**Task directions:**
Find the line with "Ulla Johnson Narcisa" in the entries below. Repeat it, every following line, and the line with "LG SPD75YA 3.1.2", exactly and with nothing added.

**Extracted data entries:**
━━━
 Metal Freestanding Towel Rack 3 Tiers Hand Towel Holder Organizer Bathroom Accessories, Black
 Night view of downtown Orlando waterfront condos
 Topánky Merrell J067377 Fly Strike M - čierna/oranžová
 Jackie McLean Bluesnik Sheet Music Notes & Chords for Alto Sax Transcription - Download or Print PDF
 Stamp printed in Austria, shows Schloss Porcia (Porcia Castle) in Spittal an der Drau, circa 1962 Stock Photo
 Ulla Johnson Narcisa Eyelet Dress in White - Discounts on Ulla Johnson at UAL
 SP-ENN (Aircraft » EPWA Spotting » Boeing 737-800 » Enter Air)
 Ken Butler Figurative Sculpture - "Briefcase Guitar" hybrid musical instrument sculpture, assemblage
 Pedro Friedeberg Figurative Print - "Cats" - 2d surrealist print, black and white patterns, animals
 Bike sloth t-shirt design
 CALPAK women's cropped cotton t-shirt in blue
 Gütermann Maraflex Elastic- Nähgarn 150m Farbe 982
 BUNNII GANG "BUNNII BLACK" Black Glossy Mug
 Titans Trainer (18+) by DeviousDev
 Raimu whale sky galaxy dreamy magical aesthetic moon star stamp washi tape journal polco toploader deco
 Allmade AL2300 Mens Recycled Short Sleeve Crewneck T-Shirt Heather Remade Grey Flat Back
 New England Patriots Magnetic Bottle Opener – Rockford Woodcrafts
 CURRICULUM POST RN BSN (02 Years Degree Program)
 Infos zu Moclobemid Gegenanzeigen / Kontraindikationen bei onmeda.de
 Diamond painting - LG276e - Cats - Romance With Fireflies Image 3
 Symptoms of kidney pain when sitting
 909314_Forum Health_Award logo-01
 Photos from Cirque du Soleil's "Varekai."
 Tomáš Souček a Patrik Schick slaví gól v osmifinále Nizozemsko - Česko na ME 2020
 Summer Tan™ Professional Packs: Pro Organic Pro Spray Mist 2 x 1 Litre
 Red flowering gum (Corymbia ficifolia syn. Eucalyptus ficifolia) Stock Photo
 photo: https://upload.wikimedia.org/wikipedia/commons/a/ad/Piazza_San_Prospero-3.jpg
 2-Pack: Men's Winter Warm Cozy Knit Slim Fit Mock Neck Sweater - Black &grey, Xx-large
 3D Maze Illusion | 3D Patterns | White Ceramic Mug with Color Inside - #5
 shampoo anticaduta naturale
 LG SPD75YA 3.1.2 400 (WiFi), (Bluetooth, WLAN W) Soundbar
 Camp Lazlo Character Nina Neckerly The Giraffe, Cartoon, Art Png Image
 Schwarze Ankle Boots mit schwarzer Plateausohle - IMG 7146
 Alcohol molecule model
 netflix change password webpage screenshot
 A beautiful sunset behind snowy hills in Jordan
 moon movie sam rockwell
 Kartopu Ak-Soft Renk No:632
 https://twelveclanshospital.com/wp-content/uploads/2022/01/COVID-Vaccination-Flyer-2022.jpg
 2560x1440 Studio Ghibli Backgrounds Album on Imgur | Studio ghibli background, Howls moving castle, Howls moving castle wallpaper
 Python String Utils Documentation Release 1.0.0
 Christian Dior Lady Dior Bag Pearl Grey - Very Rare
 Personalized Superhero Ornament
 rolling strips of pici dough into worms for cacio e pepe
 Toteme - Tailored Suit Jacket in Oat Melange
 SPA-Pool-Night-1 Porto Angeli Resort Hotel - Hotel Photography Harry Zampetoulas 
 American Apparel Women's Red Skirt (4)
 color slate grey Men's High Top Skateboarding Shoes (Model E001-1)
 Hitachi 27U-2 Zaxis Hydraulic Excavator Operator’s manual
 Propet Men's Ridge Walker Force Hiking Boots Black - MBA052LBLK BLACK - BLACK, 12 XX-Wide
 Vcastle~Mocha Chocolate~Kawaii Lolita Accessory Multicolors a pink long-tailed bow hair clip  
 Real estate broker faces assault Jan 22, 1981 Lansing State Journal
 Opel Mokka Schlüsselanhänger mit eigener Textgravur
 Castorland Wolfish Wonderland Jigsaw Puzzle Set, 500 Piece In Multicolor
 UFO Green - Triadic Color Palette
━━━
**Task solution:**
 Ulla Johnson Narcisa Eyelet Dress in White - Discounts on Ulla Johnson at UAL
 SP-ENN (Aircraft » EPWA Spotting » Boeing 737-800 » Enter Air)
 Ken Butler Figurative Sculpture - "Briefcase Guitar" hybrid musical instrument sculpture, assemblage
 Pedro Friedeberg Figurative Print - "Cats" - 2d surrealist print, black and white patterns, animals
 Bike sloth t-shirt design
 CALPAK women's cropped cotton t-shirt in blue
 Gütermann Maraflex Elastic- Nähgarn 150m Farbe 982
 BUNNII GANG "BUNNII BLACK" Black Glossy Mug
 Titans Trainer (18+) by DeviousDev
 Raimu whale sky galaxy dreamy magical aesthetic moon star stamp washi tape journal polco toploader deco
 Allmade AL2300 Mens Recycled Short Sleeve Crewneck T-Shirt Heather Remade Grey Flat Back
 New England Patriots Magnetic Bottle Opener – Rockford Woodcrafts
 CURRICULUM POST RN BSN (02 Years Degree Program)
 Infos zu Moclobemid Gegenanzeigen / Kontraindikationen bei onmeda.de
 Diamond painting - LG276e - Cats - Romance With Fireflies Image 3
 Symptoms of kidney pain when sitting
 909314_Forum Health_Award logo-01
 Photos from Cirque du Soleil's "Varekai."
 Tomáš Souček a Patrik Schick slaví gól v osmifinále Nizozemsko - Česko na ME 2020
 Summer Tan™ Professional Packs: Pro Organic Pro Spray Mist 2 x 1 Litre
 Red flowering gum (Corymbia ficifolia syn. Eucalyptus ficifolia) Stock Photo
 photo: https://upload.wikimedia.org/wikipedia/commons/a/ad/Piazza_San_Prospero-3.jpg
 2-Pack: Men's Winter Warm Cozy Knit Slim Fit Mock Neck Sweater - Black &grey, Xx-large
 3D Maze Illusion | 3D Patterns | White Ceramic Mug with Color Inside - #5
 shampoo anticaduta naturale
 LG SPD75YA 3.1.2 400 (WiFi), (Bluetooth, WLAN W) Soundbar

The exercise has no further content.